Wednesday, February 24, 2010

Blackest Night#7 (of 8) - A Review


Blackest Night #7 (of 8)

Publisher DC

Writer Geoff Johns

Pencils Ivan Reis

Inks Oclair Albert & JoePrado

Colors Alex Sinclair

I was looking forward to reading this issue a lot. Once I got into a series like this I actually ignore news site stories about the series and all the rest of the internet chatter because I want to experience it myself. I enjoy trying to recapture the feeling I had as a kid when you picked up the next issue of a comic with no clue about what was coming next.

This book met my expectations and then some. The story starts with Nekron menacing one of the Guardians and in fact taunting him as to the fact that they guard the universe but never actually live in it. We then break into the Rainbow Corps going into action. In the span of one issue Johns squeezes in action from almost every corner and manages to give quality screen time to a ton of characters.

It is a testament to Johns’ skill in that he puts in moments for Lex Luthor, the Scarecrow, Mera, Wonder Woman, the Atom, Ganthet, Larfreeze, Black Lantern Air Wave, the cavalry of Rainbow Lanterns headed up by Guy Gardner and more.
Each moment is given its due and that is because of Ivan Reis and inkers Oclair Albert and Joe Prado. I’d be remiss if I did not mention colorist Alex Sinclair as every page is a masterpiece of matching the color to the story and with a rainbow of corps it was a heck of a lot of work.
Ivan is being asked to do George Perez type of crowd scene by way of the Neal Adams style of art. What an amazing job. Ivan Reis is the number one super hero pencil artist in the business right now. We have had times when it was Jack Kirby, Curt Swan, Neal Adams, George Perez, Bryan Hitch and others have held that torch on occasion, but with Blackest Night Ivan is the new king of the hill. Panel designs, layouts, expressions, crowd scenes, close ups, camera angles, emotions, you name it and Ivan does it and does is in spectacular fashion. In reading the book I was catapulted along at a high rate of speed as I wanted to see what happened next, but at the same time I slowed down to enjoy every page. I want the Absolute to be able to really enjoy this work.

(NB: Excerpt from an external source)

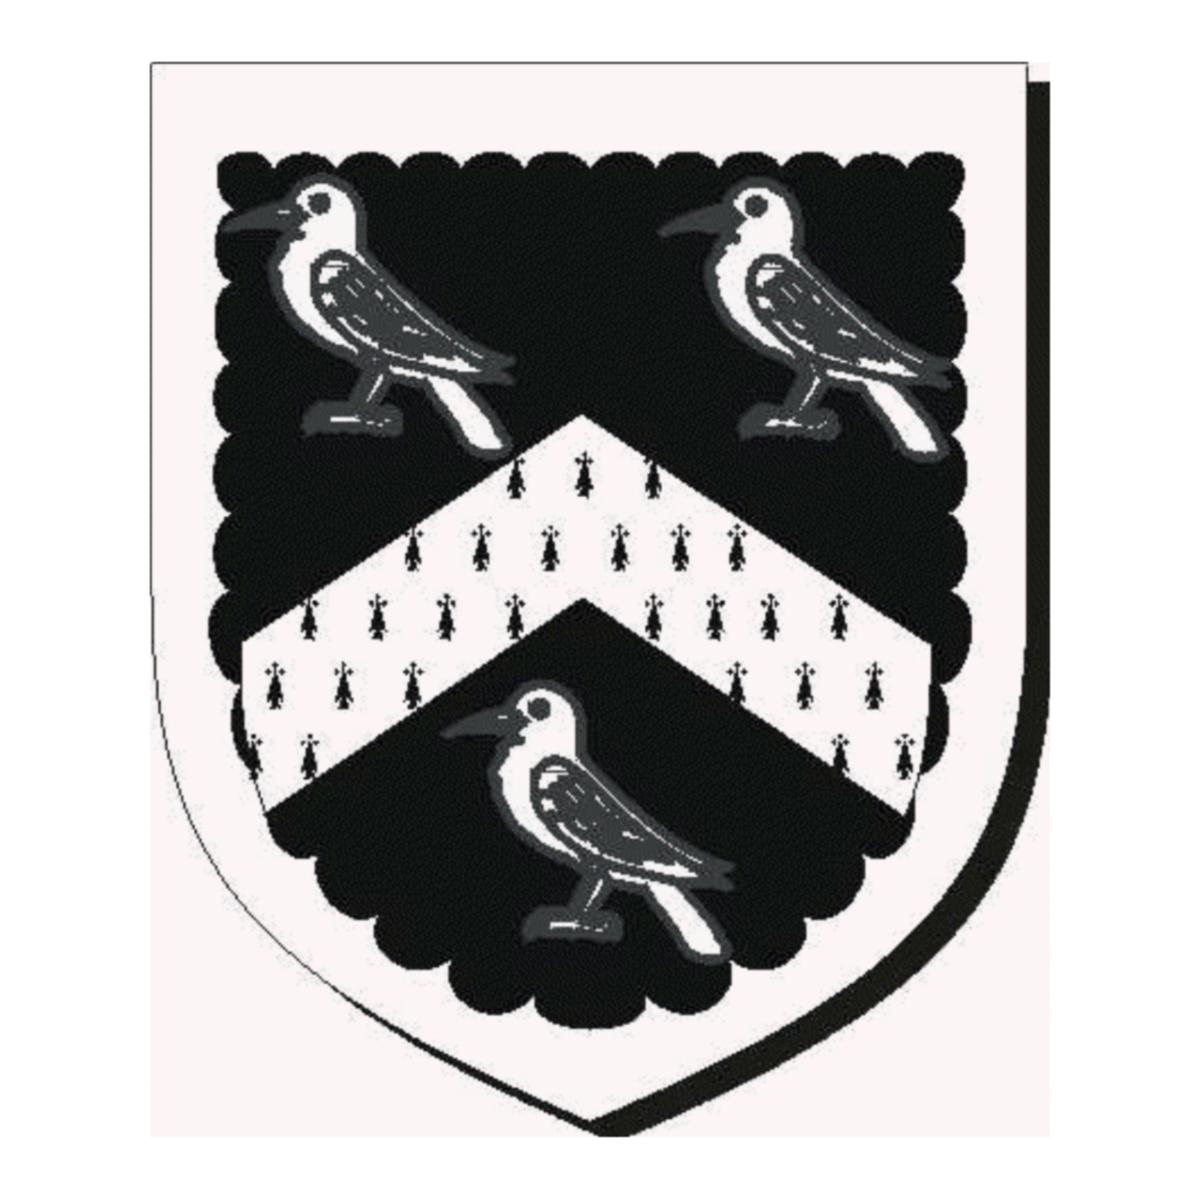 Wappen der FamilieStanley

This issues we find out another secret the Guardians had been hiding and that is The Entity, which is the living light bestowed on the Universe (i.e. God) is hidden on Earth and life began on Earth. Nekron’s goal is to kill the white light of the Entity. Now why this type of comic book convention smacks of the same arrogance that middle age man had when he thought the sun and universe revolved around Earth, it works as a comic book convention.

I loved the twist ending, which I will not spoil and look forward to next month’s wrap of Blackest Night.

Geoff Johns has gotten himself that seminal moment in his career. Johns has always been a good to great writer but was great at telling us good stories about usually DC characters. There are multiple runs on his books that I would be happy to own on my bookshelf, but until Blackest Night he did not have that one event that was all his that put his stamp on something, that seminal moment. Add that into his new role at DC and you can equate Johns to being the new Stan Lee/ Julie Schwartz for the DCU, just in multi-media.

I know I skimmed saying what this book was about, but again I’m not looking to take away from someone else reading this before they read the book. Needless to say it is all out action with the Rainbow Corps versus Nekron with the Guardians biggest secret being discovered and a good logical twist as to how this issue ended.

Overall Grade A – Story and art, super hero comics at their best.